DATA BELOW »

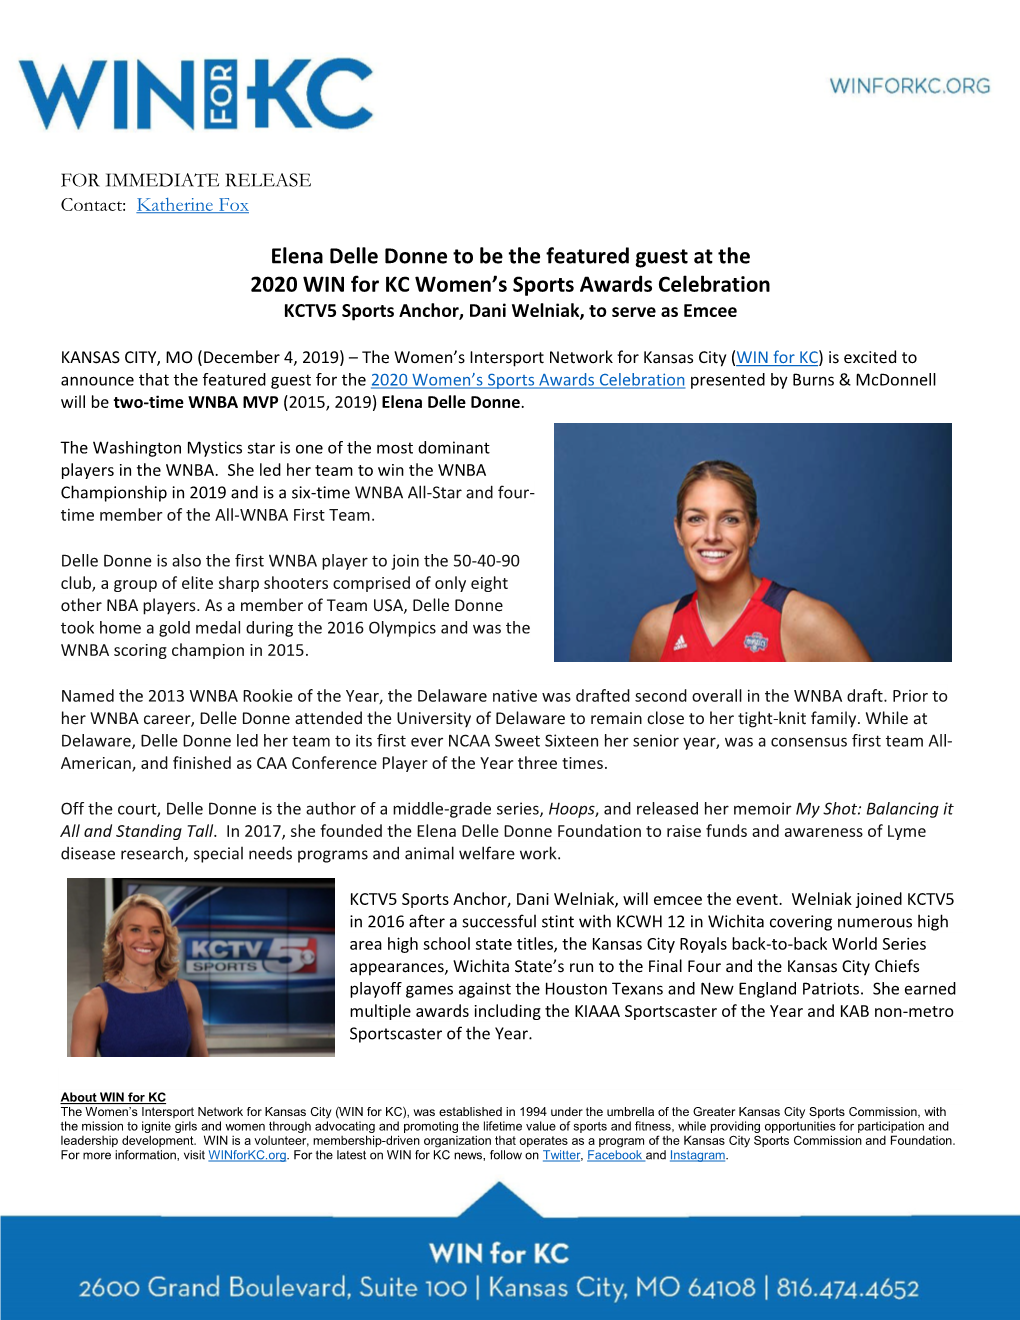 Elena Delle Donne to Be the Featured Guest at the 2020 WIN for KC Women’S Sports Awards Celebration KCTV5 Sports Anchor, Dani Welniak, to Serve As Emcee
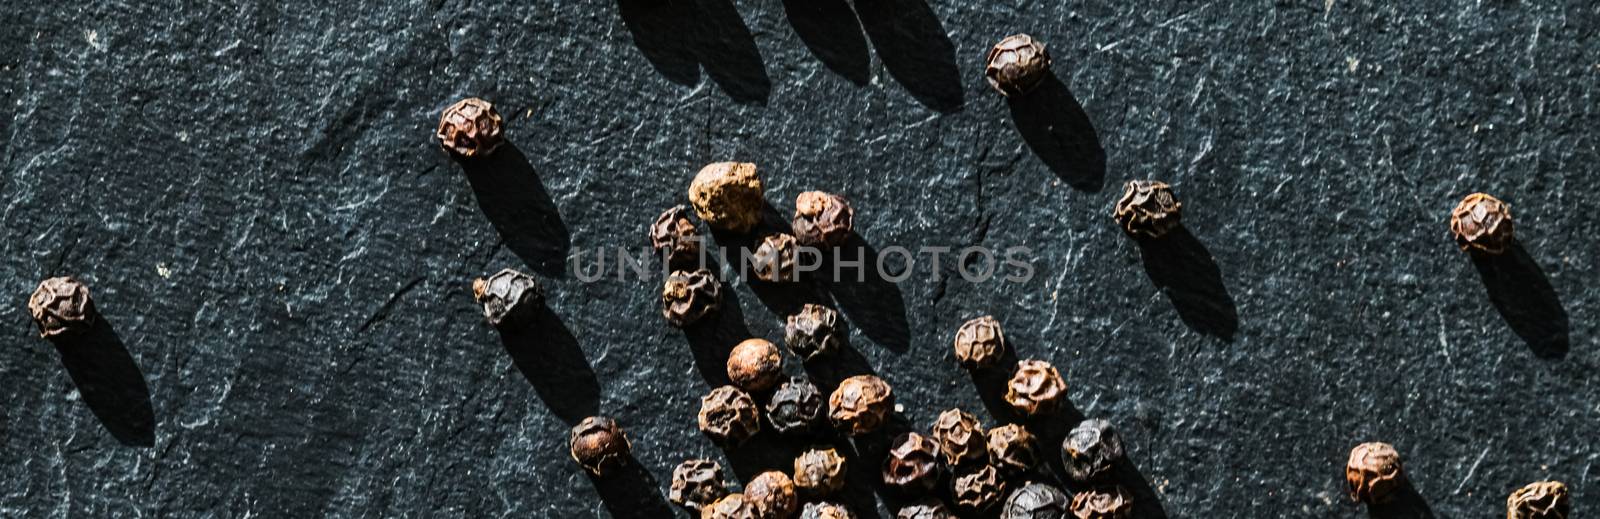 Black pepper closeup on luxury stone background as flat lay, dry food spices and recipe ingredient by Anneleven
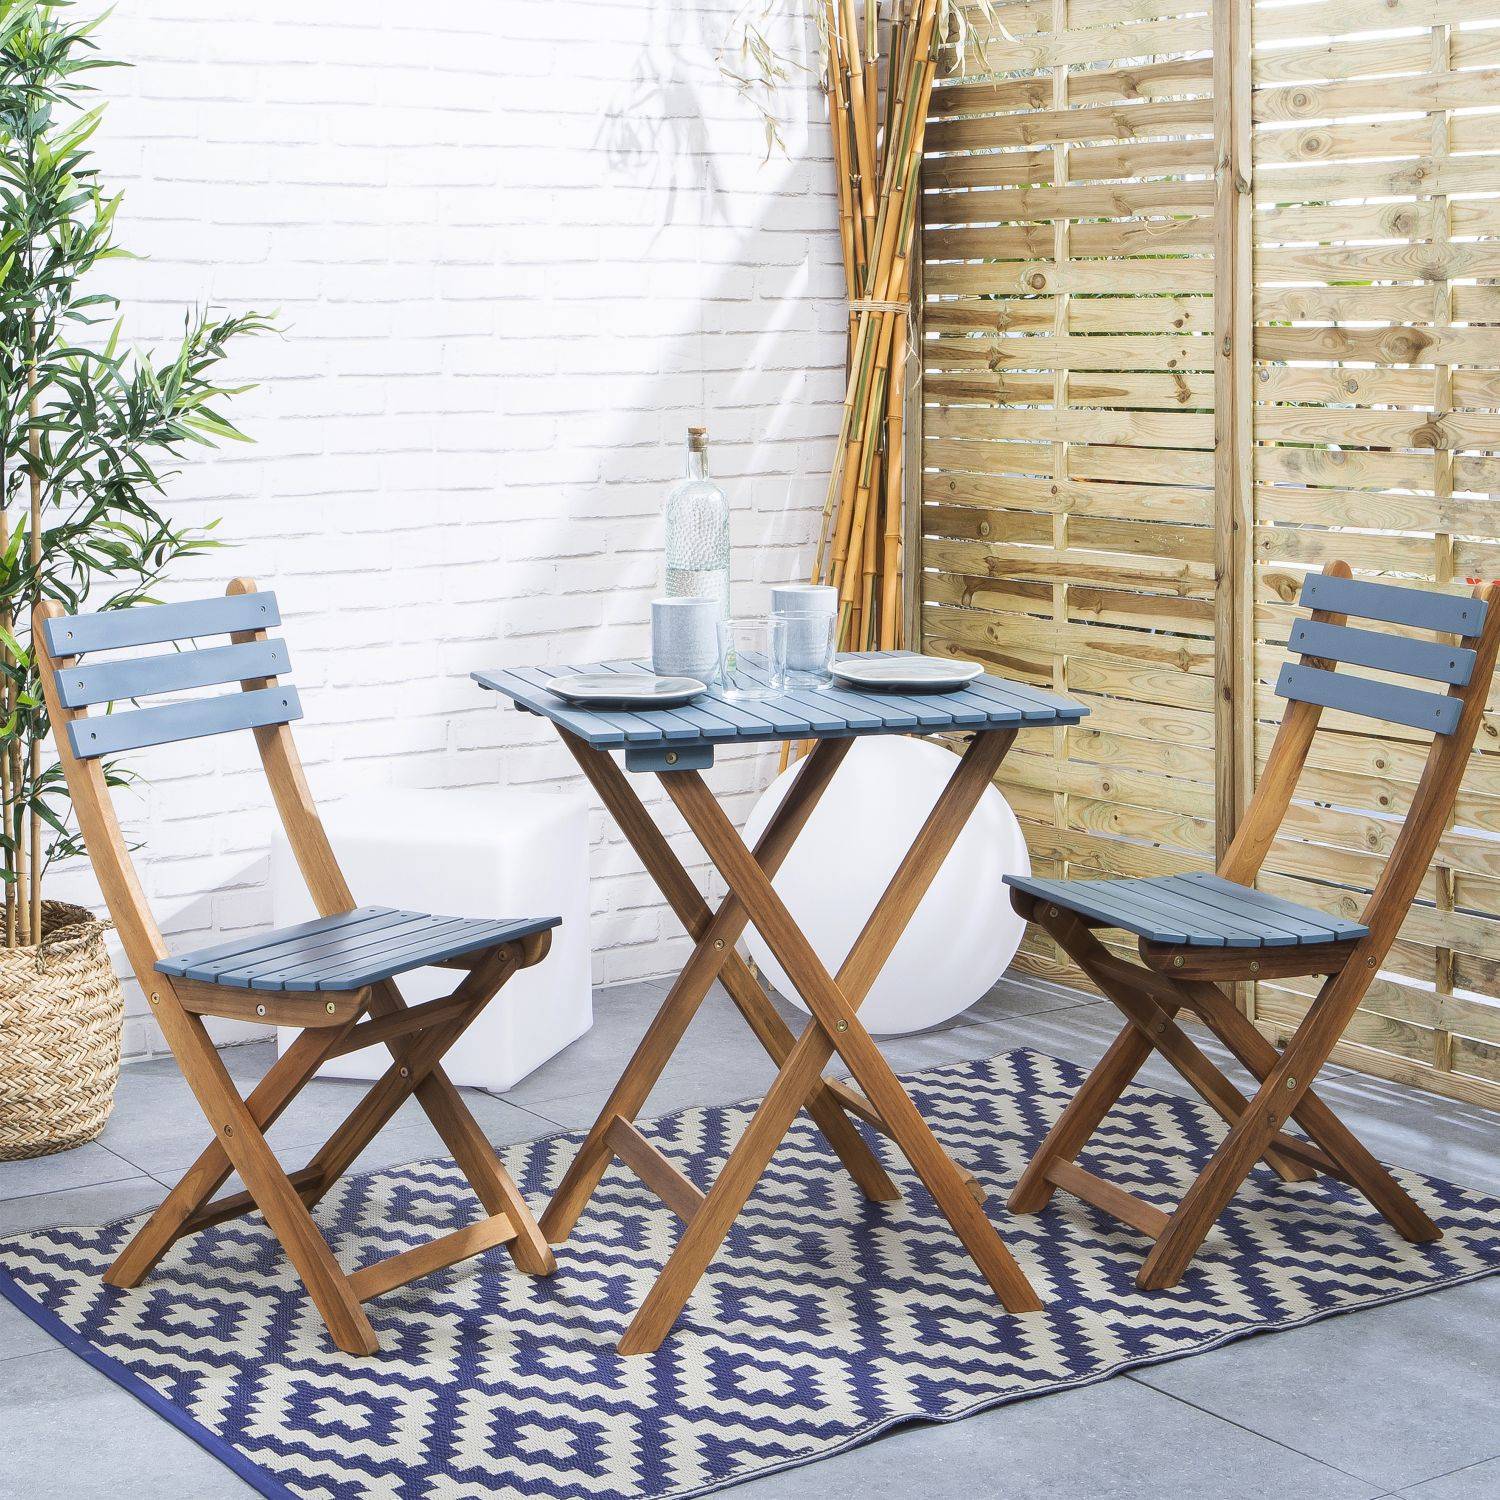 2-seater foldable wooden bistro garden table with chairs, 60x60cm - Barcelona - Grey Blue,sweeek,Photo1
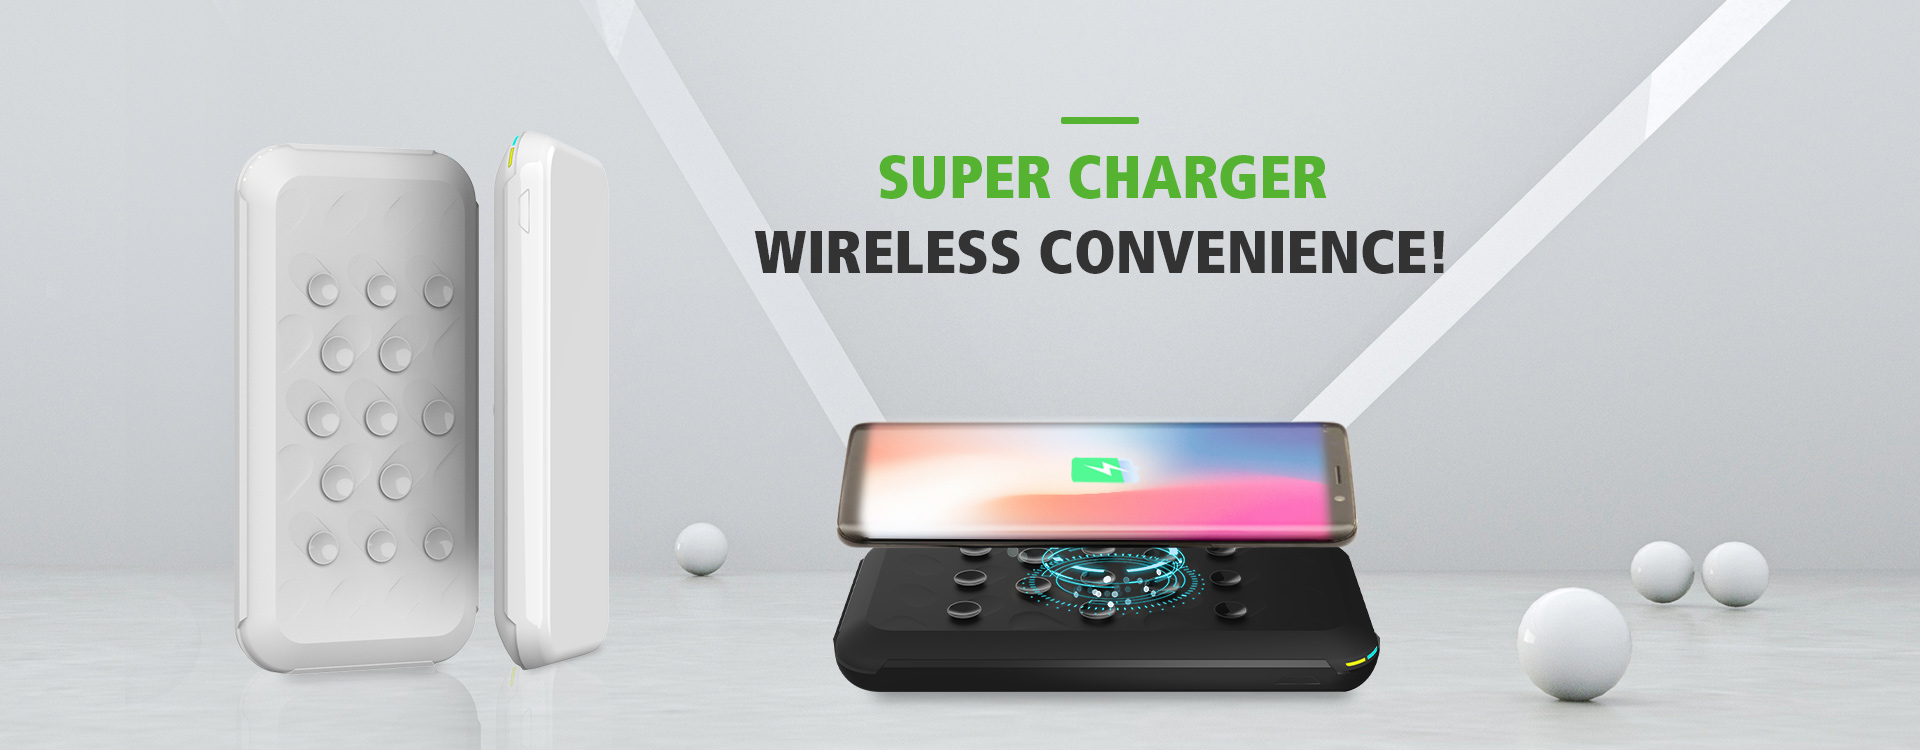 what is the best wireless charger for iphone x

GOAL OF THE EXERCISE » With the images omitted, repeat all the data word for word.

OUTPUT »
 Elena Delle Donne to Be the Featured Guest at the 2020 WIN for KC Women’S Sports Awards Celebration KCTV5 Sports Anchor, Dani Welniak, to Serve As Emcee
 Black pepper closeup on luxury stone background as flat lay, dry food spices and recipe ingredient by Anneleven
 2-seater foldable wooden bistro garden table with chairs, 60x60cm - Barcelona - Grey Blue,sweeek,Photo1
 what is the best wireless charger for iphone x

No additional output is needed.